[Given data — start]
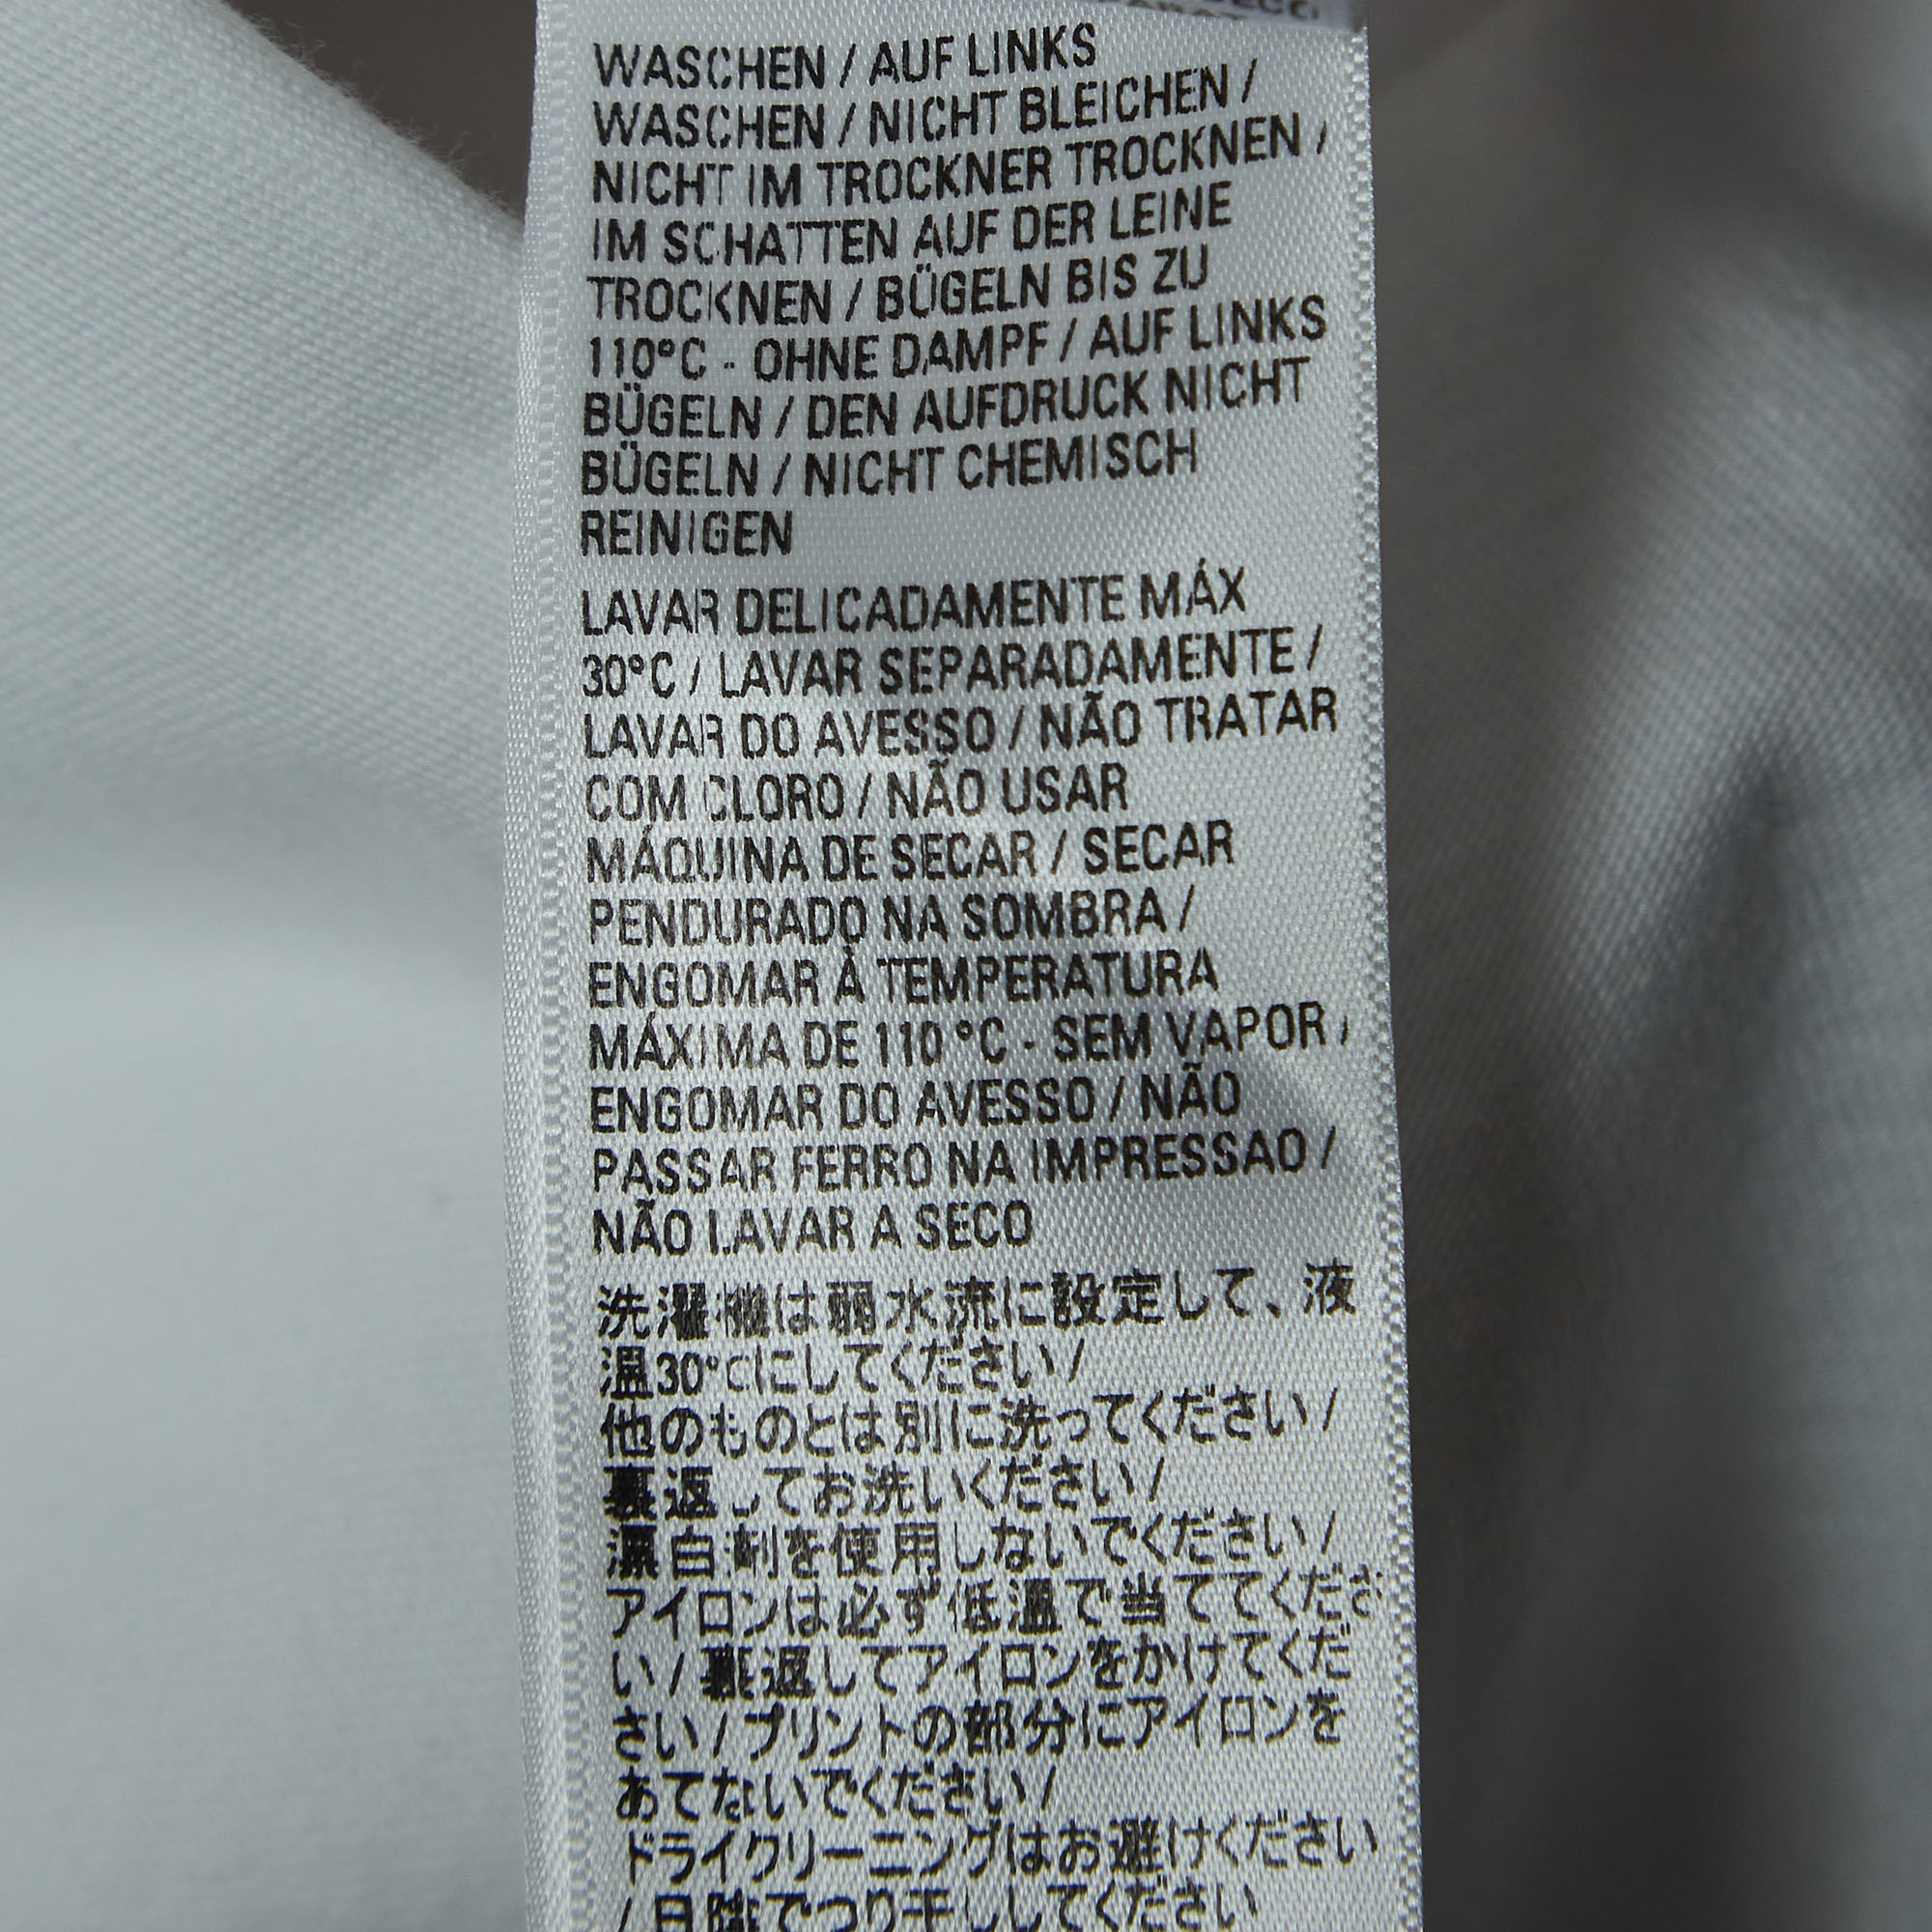 Balenciaga X Adidas White Logo Print Cotton Oversized T-Shirt M
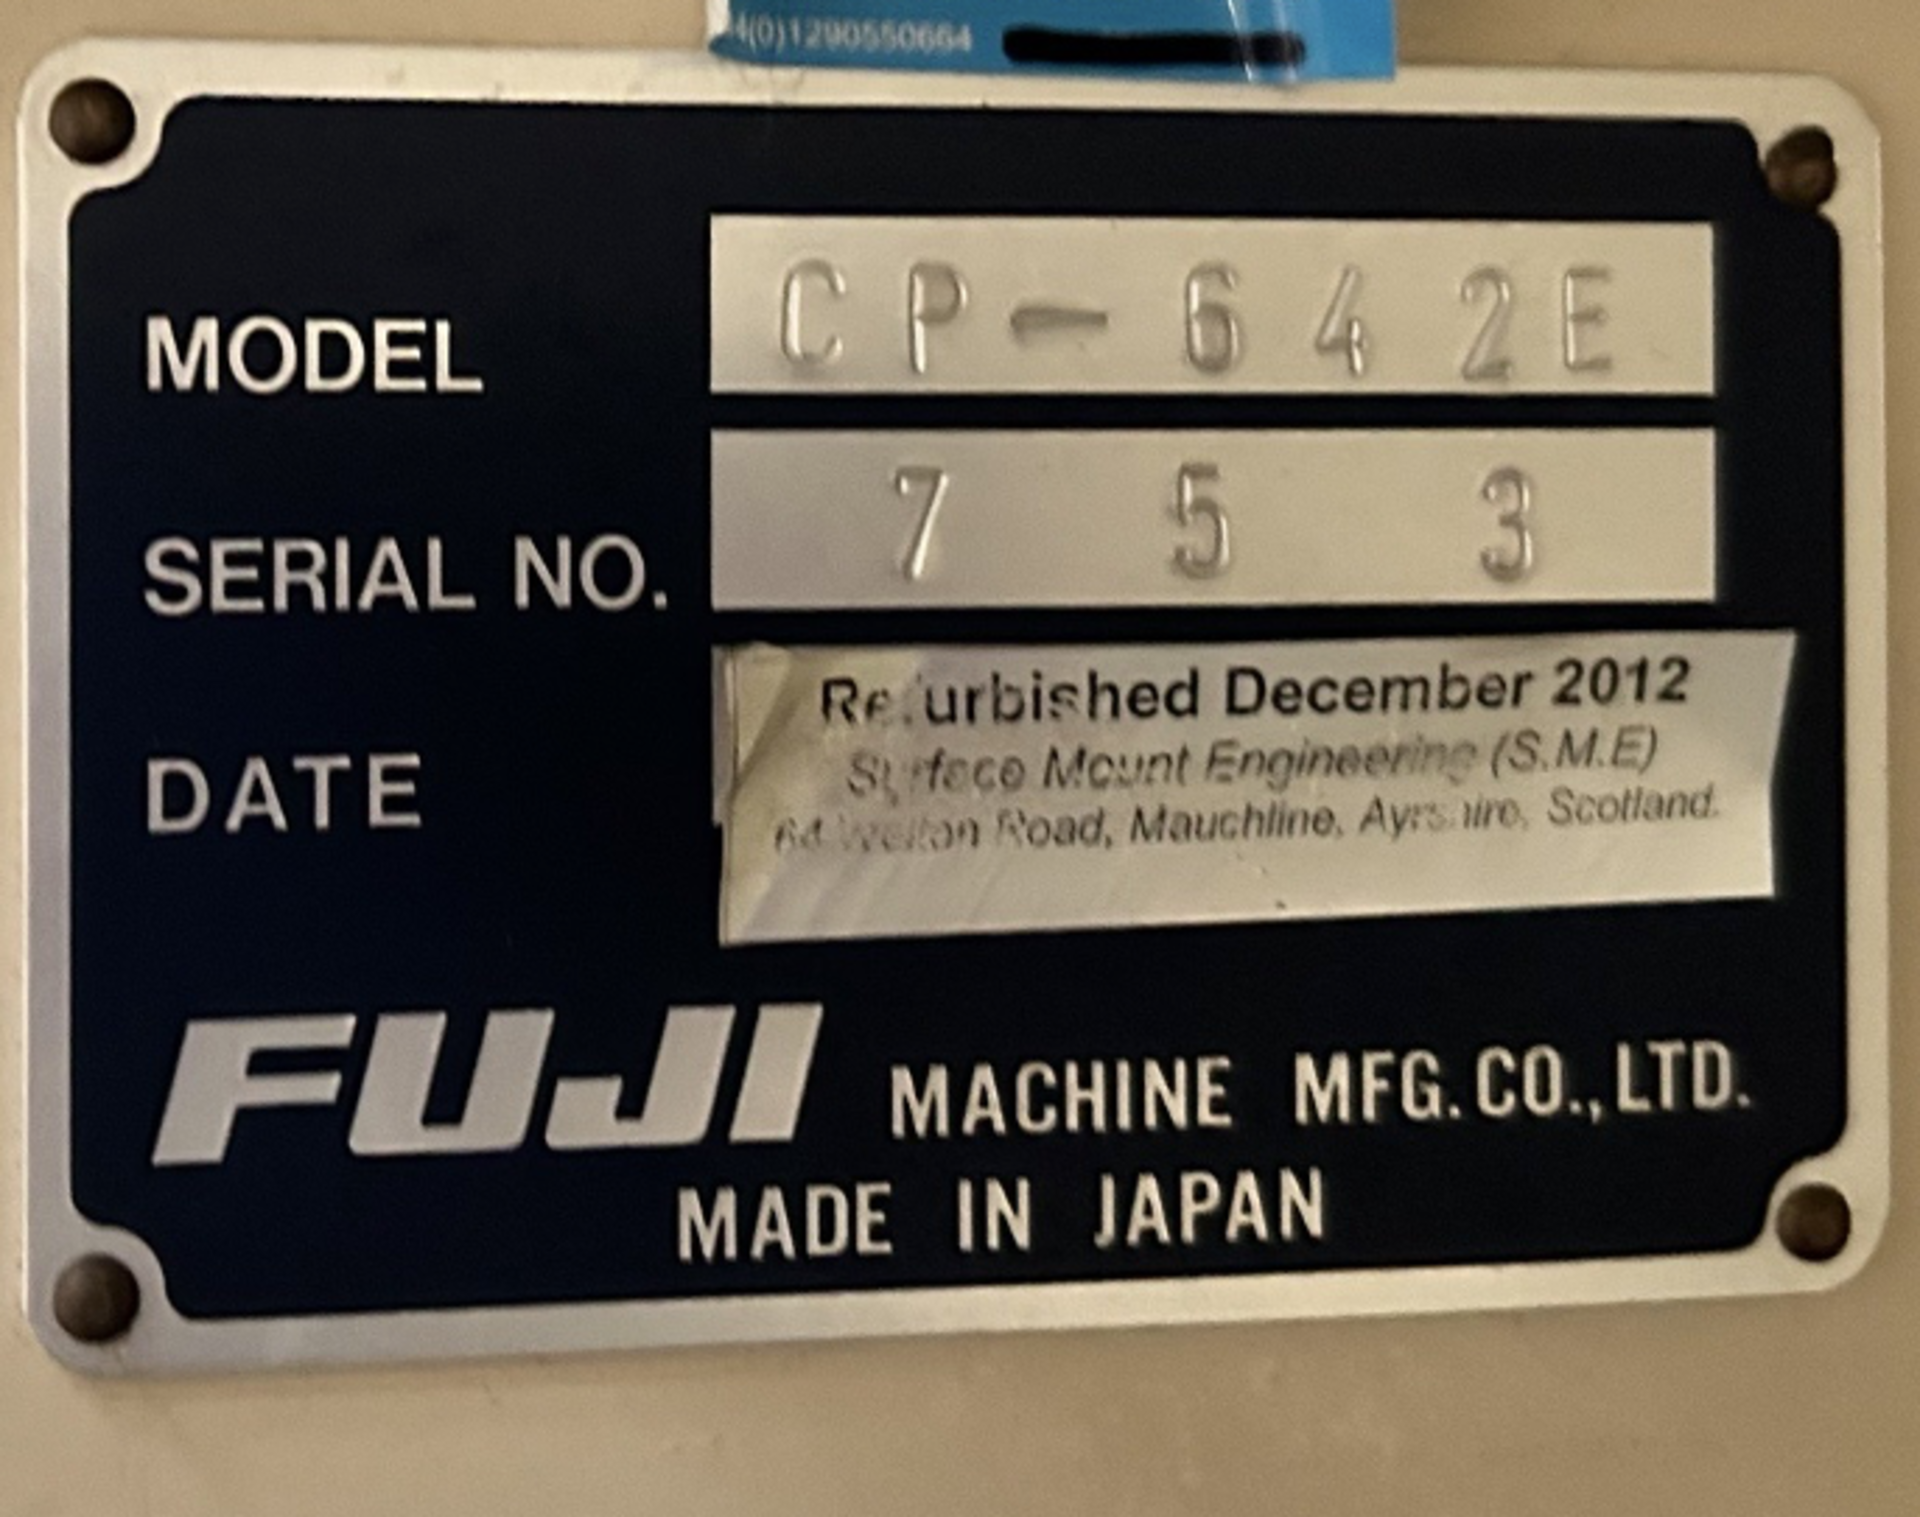 NO RESERVE - FUJI, CP-642E - Serial No. 753 (1998) Refurbished Dec 2012. - Image 2 of 3
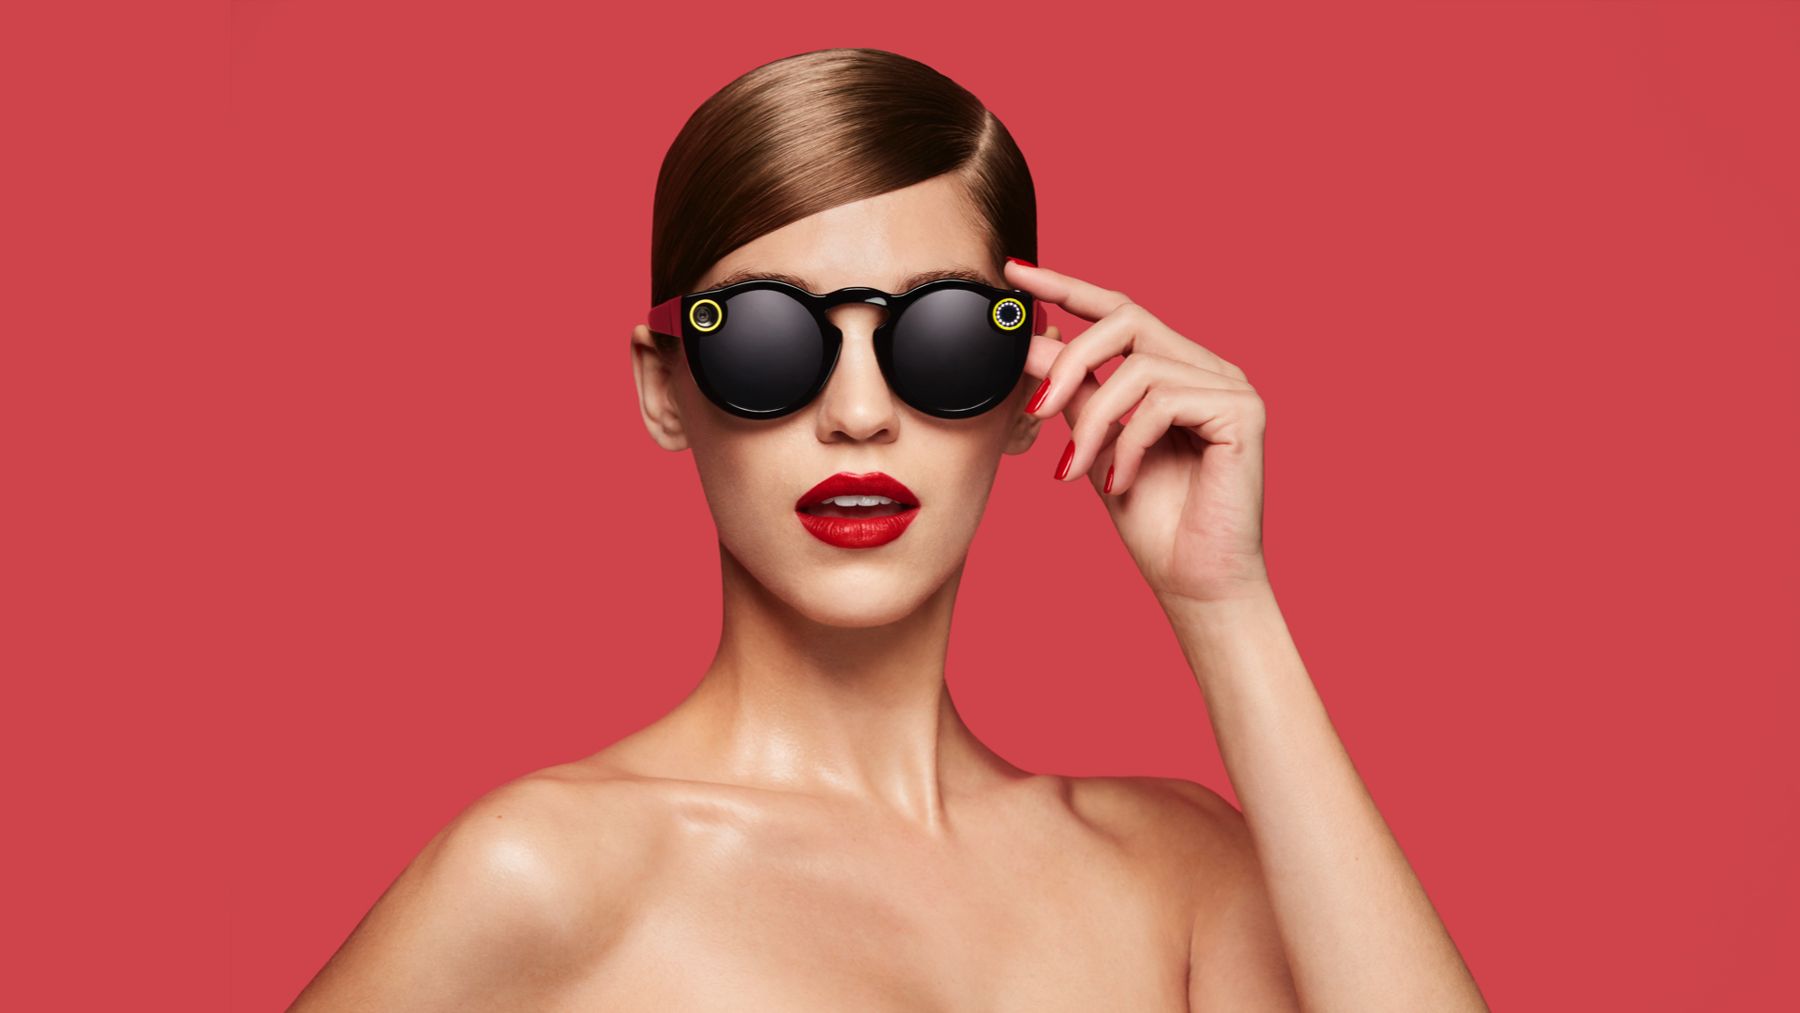 تتوفر نظارات Snapchat الآن - ولكن ما هي بالضبط؟
[Given data — finish]
[Task statement]
Return every line above exactly, omitting images.

[Task solution]
 Balenciaga X Adidas White Logo Print Cotton Oversized T-Shirt M
 NO RESERVE - FUJI, CP-642E - Serial No. 753 (1998) Refurbished Dec 2012. - Image 2 of 3
 تتوفر نظارات Snapchat الآن - ولكن ما هي بالضبط؟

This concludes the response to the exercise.